为了满足在极端温度变化时保持结构构造的需求,具有高热机械稳定性的超材料近年来引起了广泛关注。然而,以往的研究在力学设计和实际应用探索方面仍面临一些挑战。本手稿提出了具有优异零热致翘曲性的晶格三明治超材料设计策略,以及具有高电磁信号传输稳定性的基于超材料的天线。通过超材料离散晶格单元的设计策略,实现了超材料在非均匀温度场下的超低热翘曲。本文建立了一个理论模型,用于预测复杂机械热加载条件下的传热和热诱导变形行为。理论预测、有限元分析和实验相结合,验证了本文提出的超材料的热尺寸稳定性。与异质双层板相比,超材料试样的实验热翘曲减少了 99.7%。此外,与基于双层板的试样相比,基于超材料的天线试样的增益衰减、主叶偏移角和电压驻波比偏移在实验中分别降低了 99.5%、99.9% 和 74.2%,揭示了该超材料在航天器通信领域的巨大应用潜力。

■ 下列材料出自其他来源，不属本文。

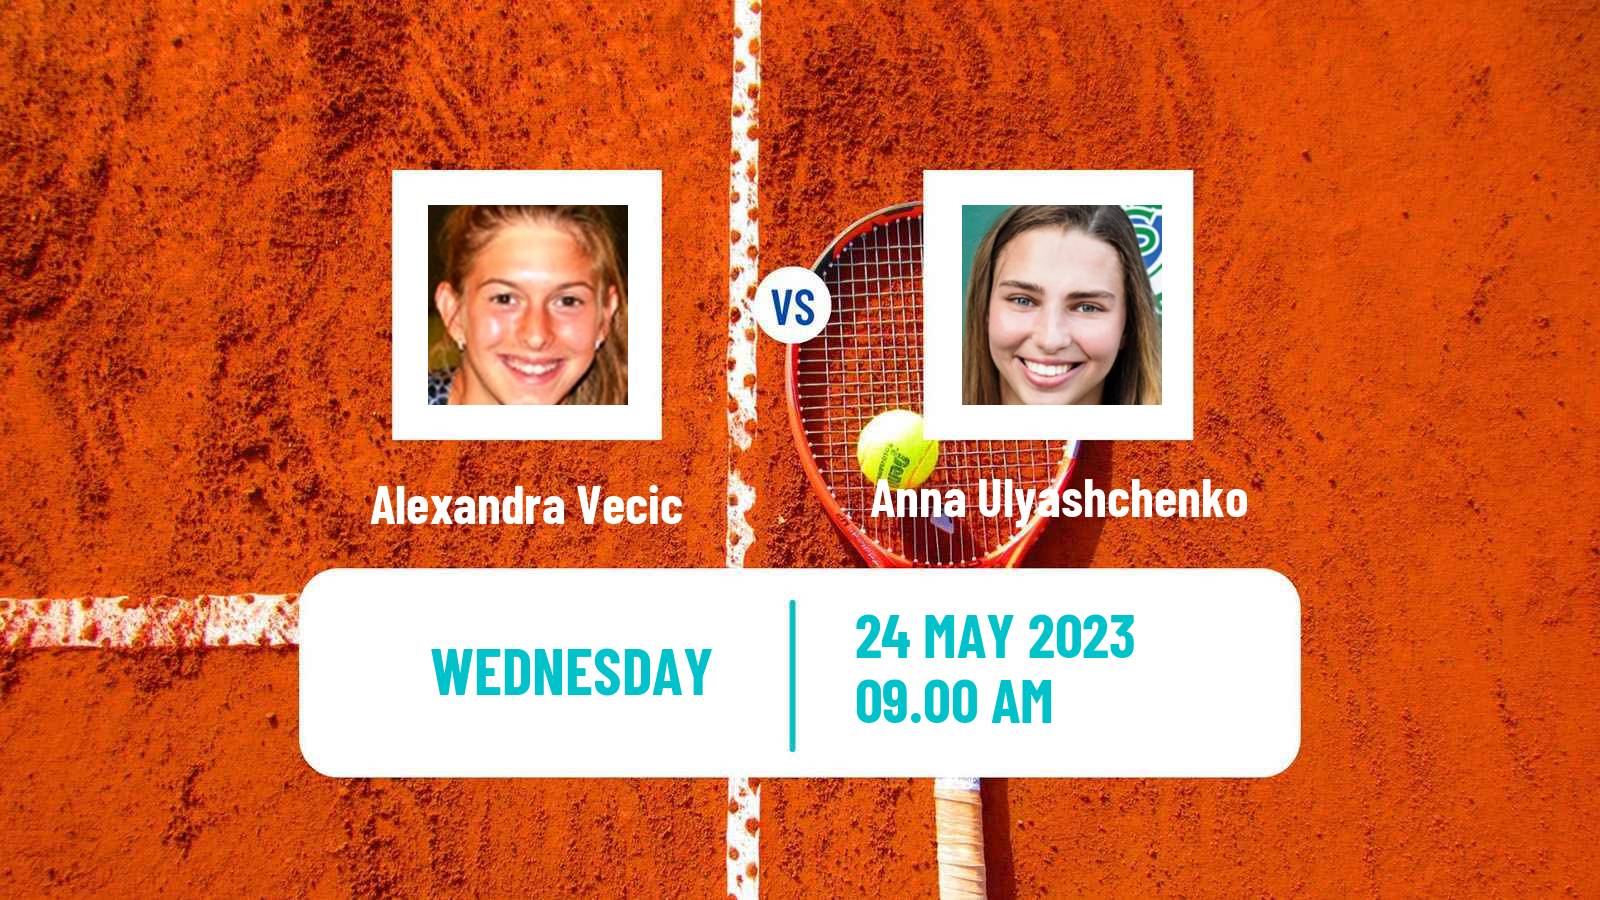 Tennis ITF W25 Monastir 3 Women Alexandra Vecic - Anna Ulyashchenko
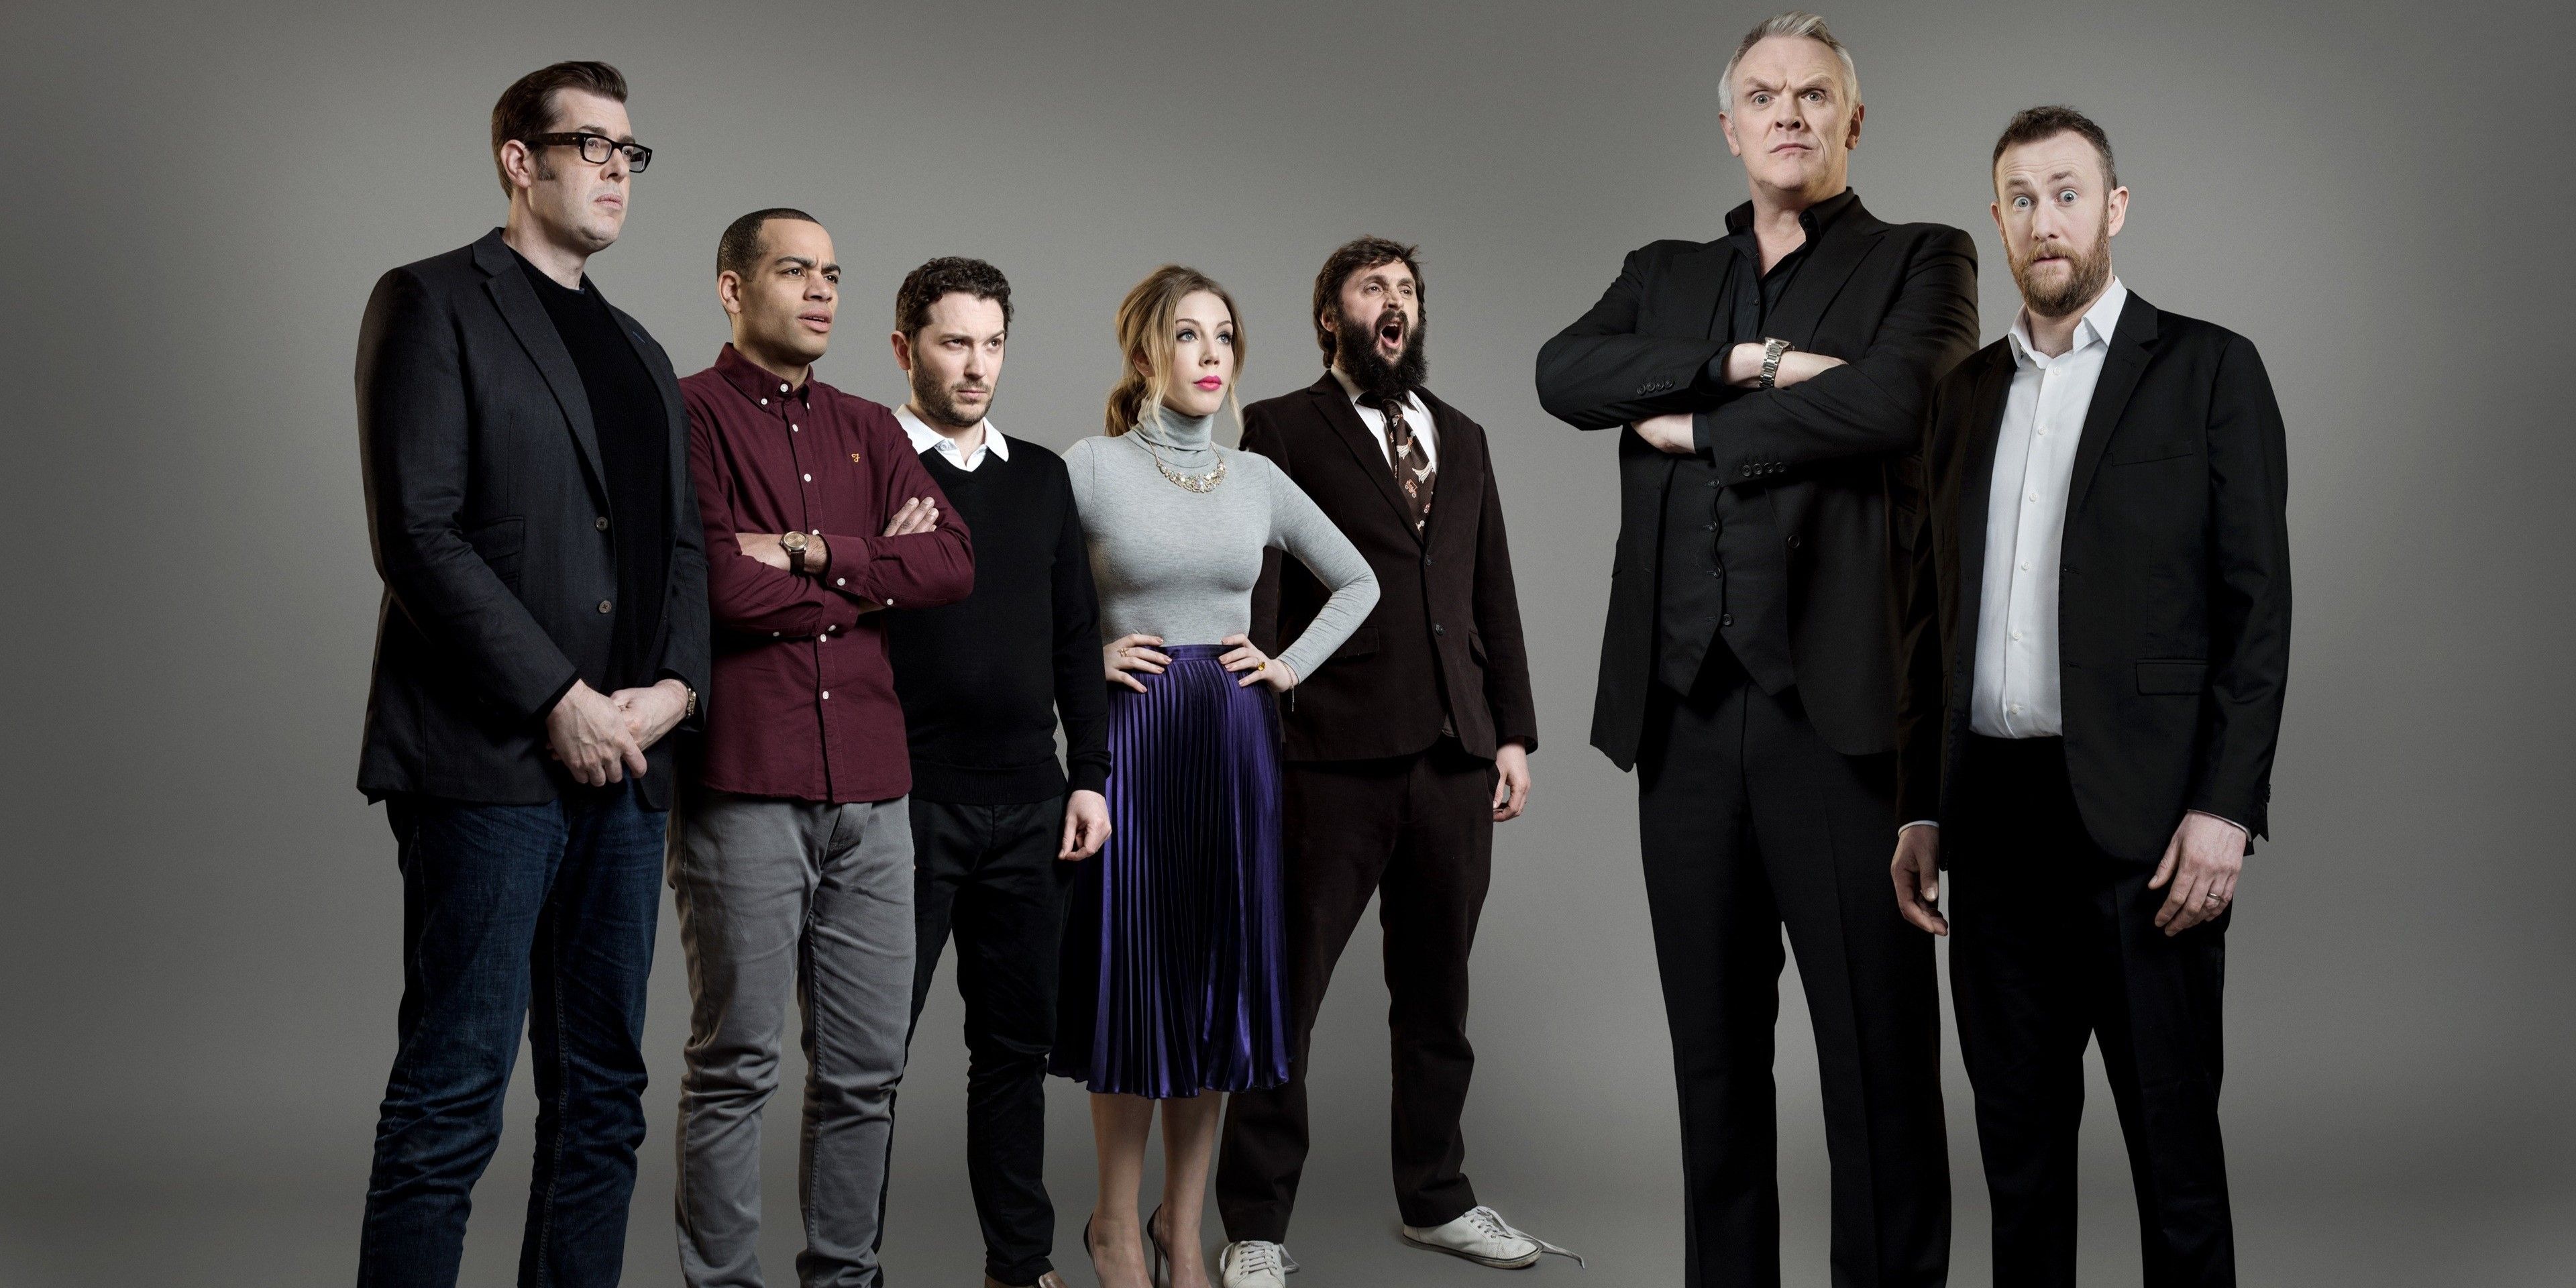 Promo image of Taskmaster season 2's cast.

本文章由计算机程序翻译,如有差异,请以英文原文为准。
The metamaterial with high thermal-mechanical stability and the practical application as the microwave antenna: Mechanical designs, theoretical predictions, and experimental demonstrations

To address the demand of maintaining the structural configuration upon extreme temperature changes, metamaterials with high thermal-mechanical stability have attracted wide attention recently. However, there are still some challenges for previous studies regarding mechanical design and practical application exploration. This manuscript proposes the design strategy for the lattice sandwich metamaterial with excellent zero thermal-induced warping, along with the metamaterial-based antenna with a high stability of electromagnetic signal transmission. Through the design strategy of discrete lattice units of the metamaterial, the ultra-low thermal warping of the metamaterial is realized upon the non-uniform temperature field. Here, the theoretical model is established to predict both heat transfer and thermal-induced deformation behavior upon complex mechanical-thermal loading conditions. The combination of theoretical predictions, finite element analysis, and experiments verifies the thermal dimensional stability of the metamaterial proposed here. Compared with the heterogeneous bilayer plate, experimental thermal warping of the metamaterial specimen is reduced by 99.7%. Additionally, compared with the bilayer-based specimen, gain attenuation, the main lobe's offset angle, and the voltage standing wave ratio offset of the metamaterial-based antenna specimen are experimentally reduced by 99.5%, 99.9% and 74.2%, revealing the huge application potential of this metamaterial in the field of spacecraft communication.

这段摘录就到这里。